Фёдор Константинович что-то недовольно прокряхтел, но с табуретки поднялся и выжидательно посмотрел на Бориса, который расчехлял небольшой прожектор. Олег в очередной раз поразился тому, что можно найти у Халатова. Кажется, в этой огромной куче ржавого металла было решительно всё и при этом не было ничего. Если бы кто-то посторонний, да хотя бы сам Десятников, задался бы целью отыскать в этой мастерской, скажем, гаечный ключ определённого размера, он бы его точно не нашёл, зато обнаружил тьму других, абсолютно ненужных ему вещей, а то и просто какой-нибудь огрызок. Но сам Борис был здесь как рыба в воде.
- Представляю вам мою «Вундервафлю»! – Халатов зажёг прожектор и сорвал с самолёта брезент. В мощном потоке света ещё незаконченная машина предстала во всей красе. Могучие двойные крылья метров по шесть каждое несли по мотору, точнее, самих моторов ещё не было, но места были приготовлены. Застеклённая кабина, обитая полированной фанерой, поблёскивала жестяным двуглавым орлом, что был закреплён на носу. Хвост был освещён похуже, но и так было явственно видно, что он представляет собой конструкцию из крепко сбитых между собой деревянных реек, заканчивающуюся мощным хвостовым оперением. Поддерживали конструкцию, на борту которой уже было написано, пока ещё только краской, малопонятное слово «Вундервафля», два велосипедных колеса.

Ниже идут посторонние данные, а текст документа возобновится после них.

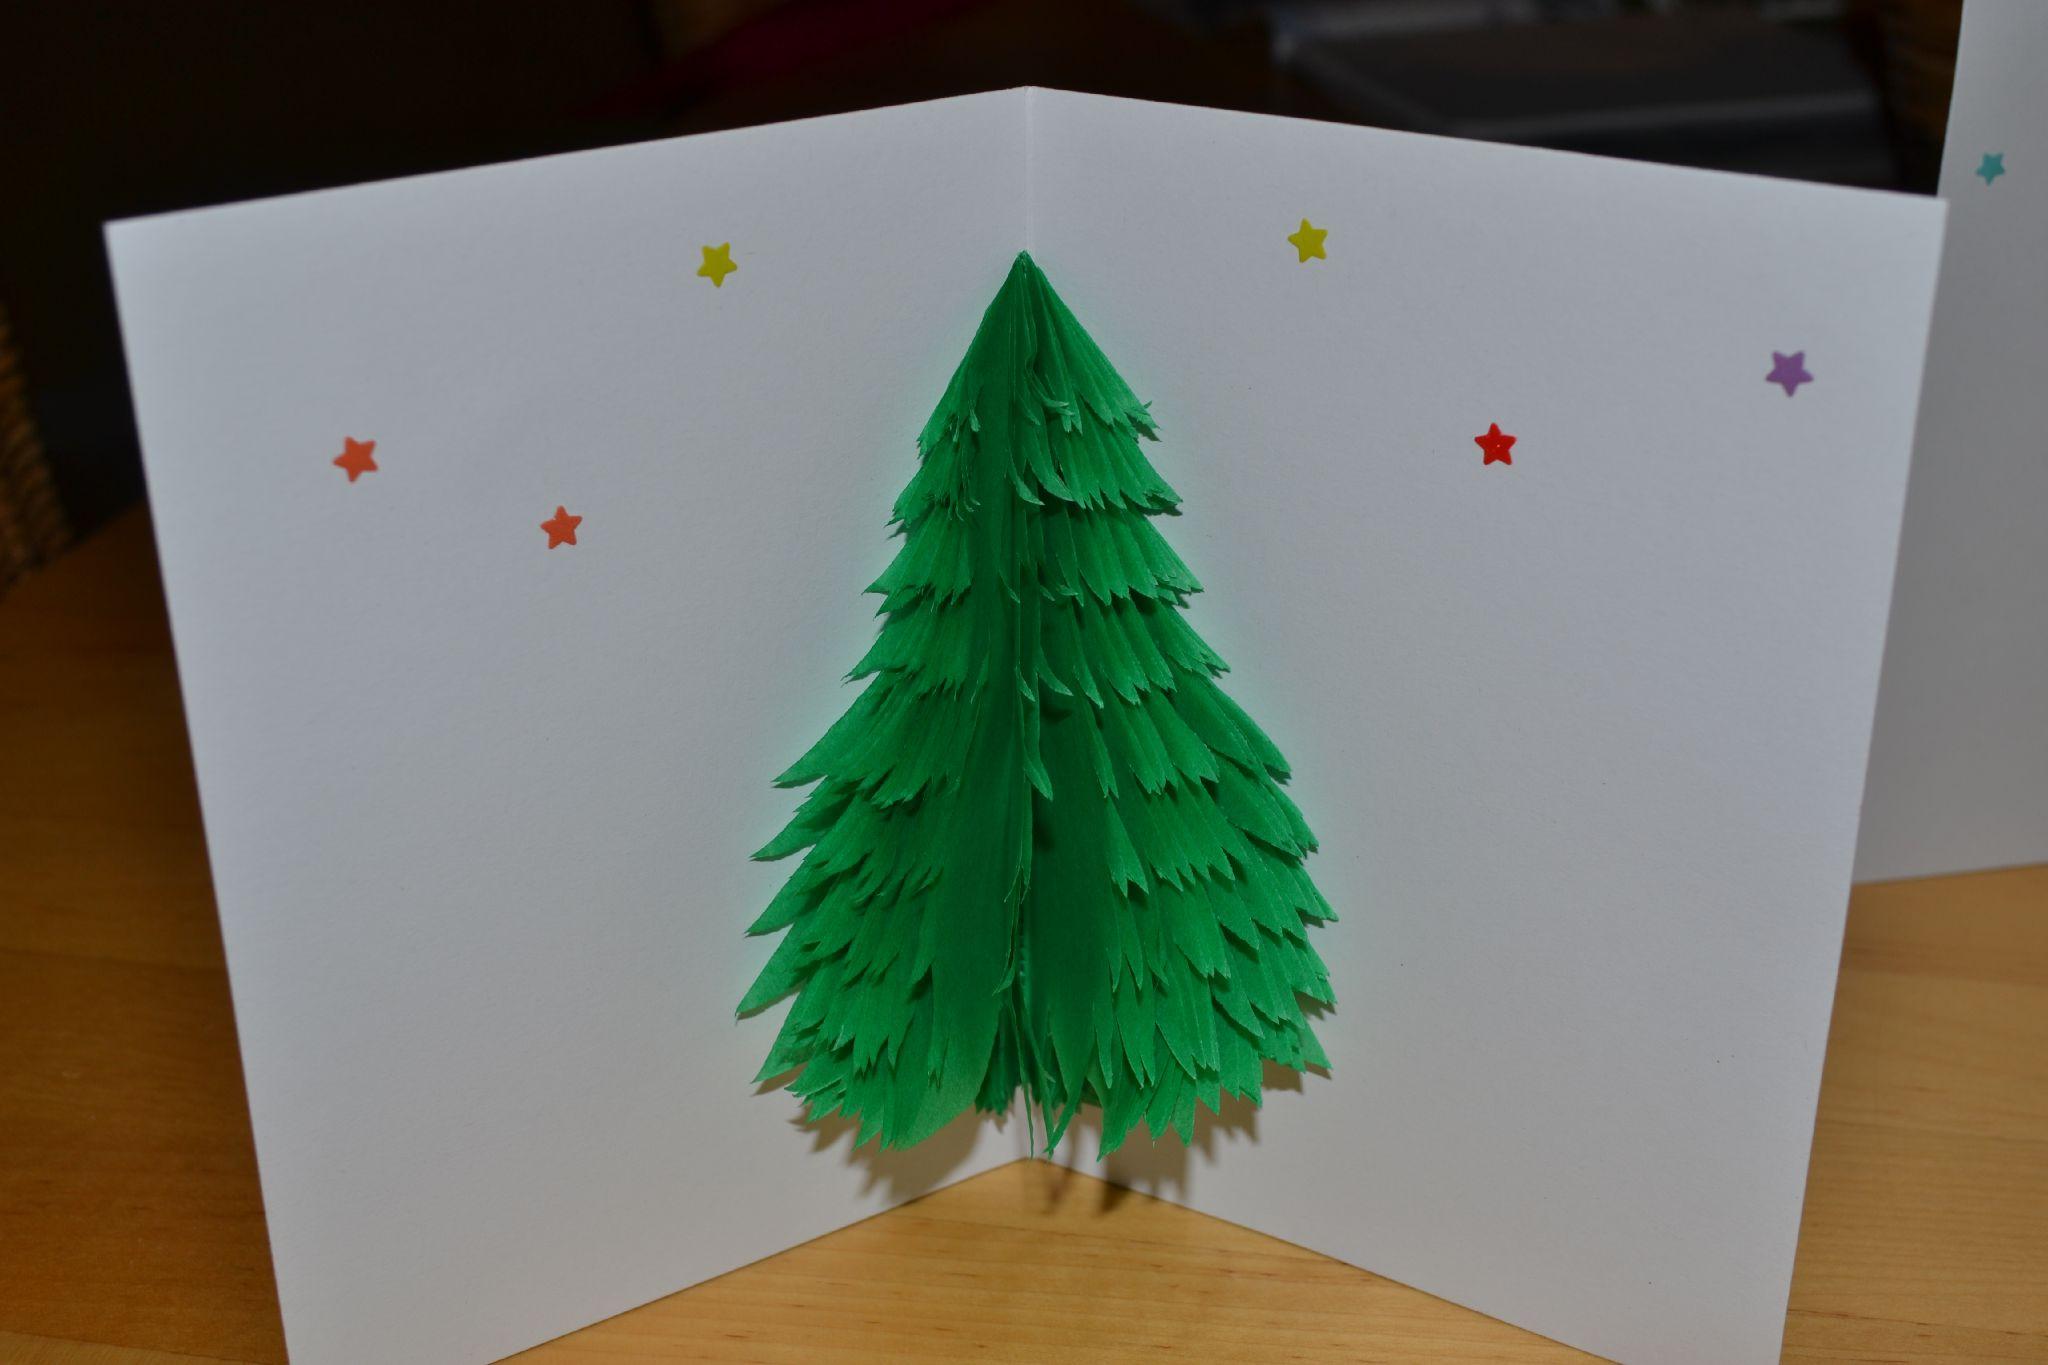 Fabriquer des cartes de noel en relief

- Сильно,- одобрительно покачал головой Долгих. – А почему «Вундервафля», а не «Илья Муромец»?
- А причём тут Илья Муромец? – поинтересовался Виктор, поглаживая немного колючий подбородок.
- Да это же  и есть «Илья Муромец», - пояснил за лётчика Олег. – Русский бомбардировщик времён Первой Мировой войны.
- Верно, - кивнул Фёдор Константинович, подходя к самолёту и проводя рукой сначала по крыльям, а потом по полированным бортам кабины. – Так почему «Вундервафля»-то?
- Ну,- замялся вдруг Халатов, поправляя шарф. – Слово красивое. Переводится с немецкого как «сверхоружие».
- Да ты не только механик, а ещё и полиглот,- иронично заметил Долгих, рассматривая места для моторов. – Только вот насколько я знаю язык фрицев, произносится не «вафля», а «ваффе».
- Он и хотел, чтобы было «ваффе», - подал голос Соболев.
- Звучало как-то не по-русски,- добавил Халатов. – К тому же, нет у нас в городе вафель, уже лет двенадцать, как последнюю съели. А тут напоминание.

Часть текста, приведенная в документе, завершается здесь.